Review: The Tenant of Wildfell Hall, Octagon

"I often cry when I am happy, and smile when I am sad"

Anne Brontë might not be the most heralded of her sisters but that is to underestimate the different way in which she expressed herself. The striking feminism of The Tenant of Wildfell Hall remains as powerful as ever and in Deborah McAndrew's adaptation, directed by Elizabeth Newman for the Octagon Theatre in Bolton of which she is the artistic director, it couldn't find a better place to reassert those feminist credentials.

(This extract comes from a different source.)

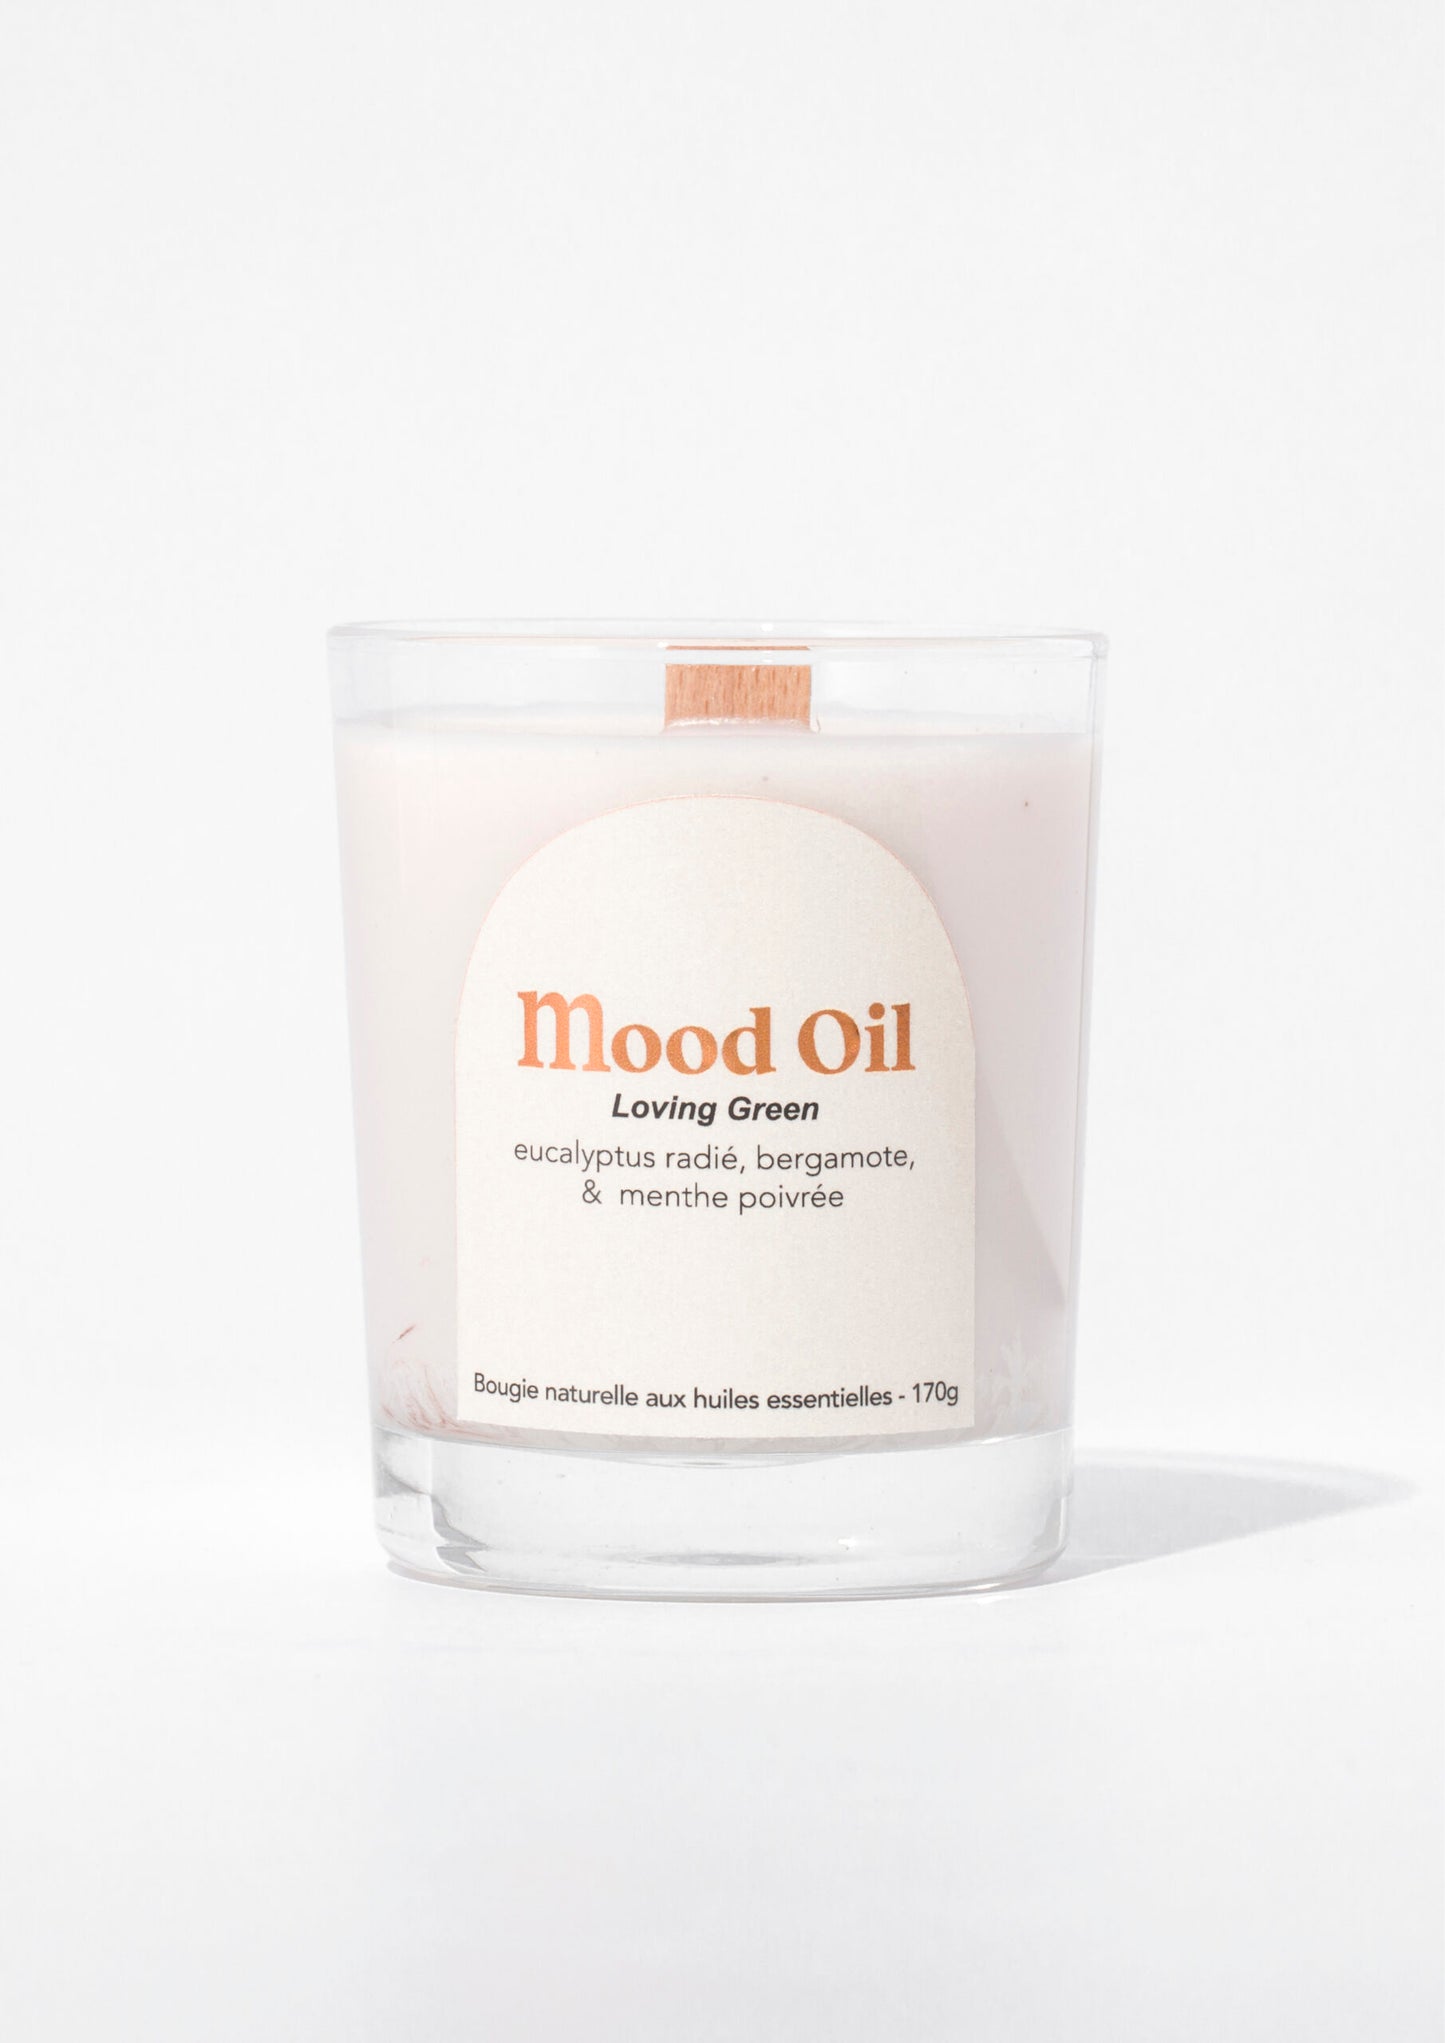 Mood Oil - bougie Loving Green - bougie detox aux huiles essentielles
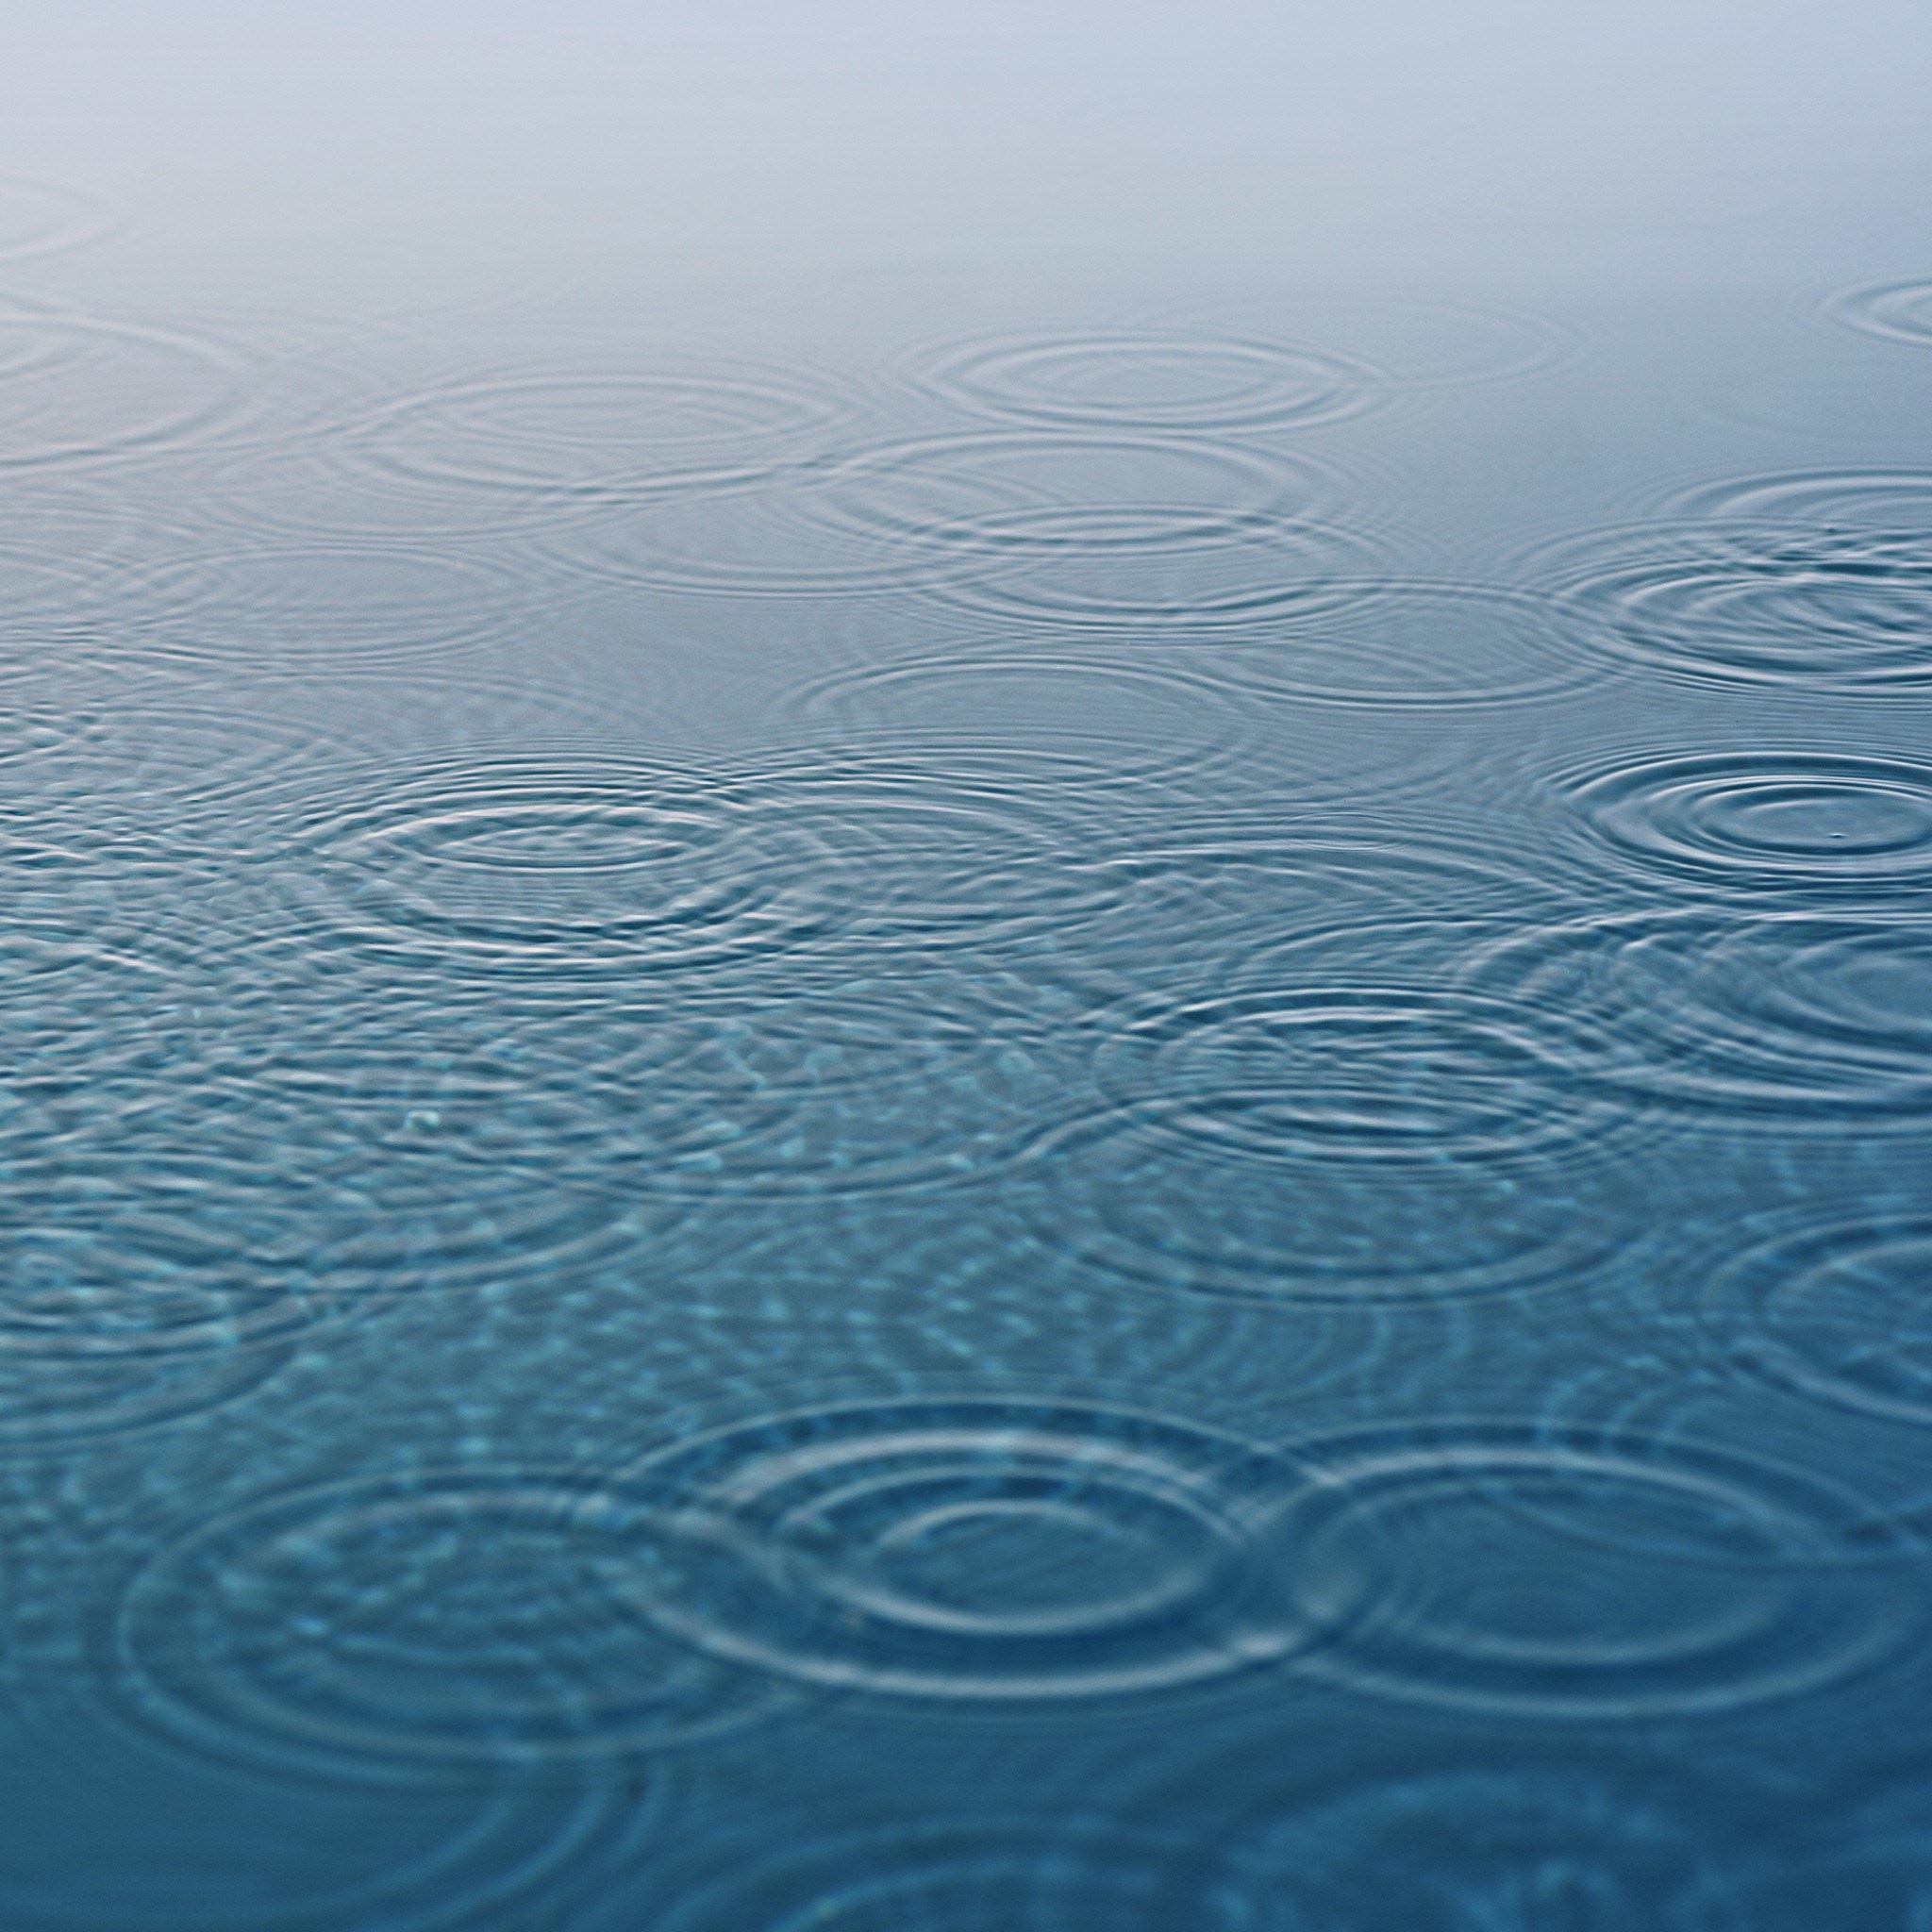 Rainy Wet Ripple Lake Surface iPad Air wallpaper

Even in these allegedly more enlightened times, the idea that a woman might stay in an abusive relationship is one that many people struggle with. And so as the story of Helen Graham unfolds, as the events of her past inform what happens in her present, McAndrew's contemporary dialogue keeps a real modern urgency to the action. Alcoholism and abuse in marriage, gender equality and duty, the struggle for independence - this is timeless stuff.

In Phoebe Pryce's hands, Helen's story is as interesting whether its the first half story of her strange arrival at Wildfell Hall and her crash-landing into the life of Michael Peavoy's genuinely nice man Gilbert Markham, as it is the exploration of the past that brought her there. Clever doubling from the company of eight fleshes out the world in Amanda Stoodley's intimately detailed design and what results is a powerfully effective adaptation of a novel you might not have expected to work this well onstage.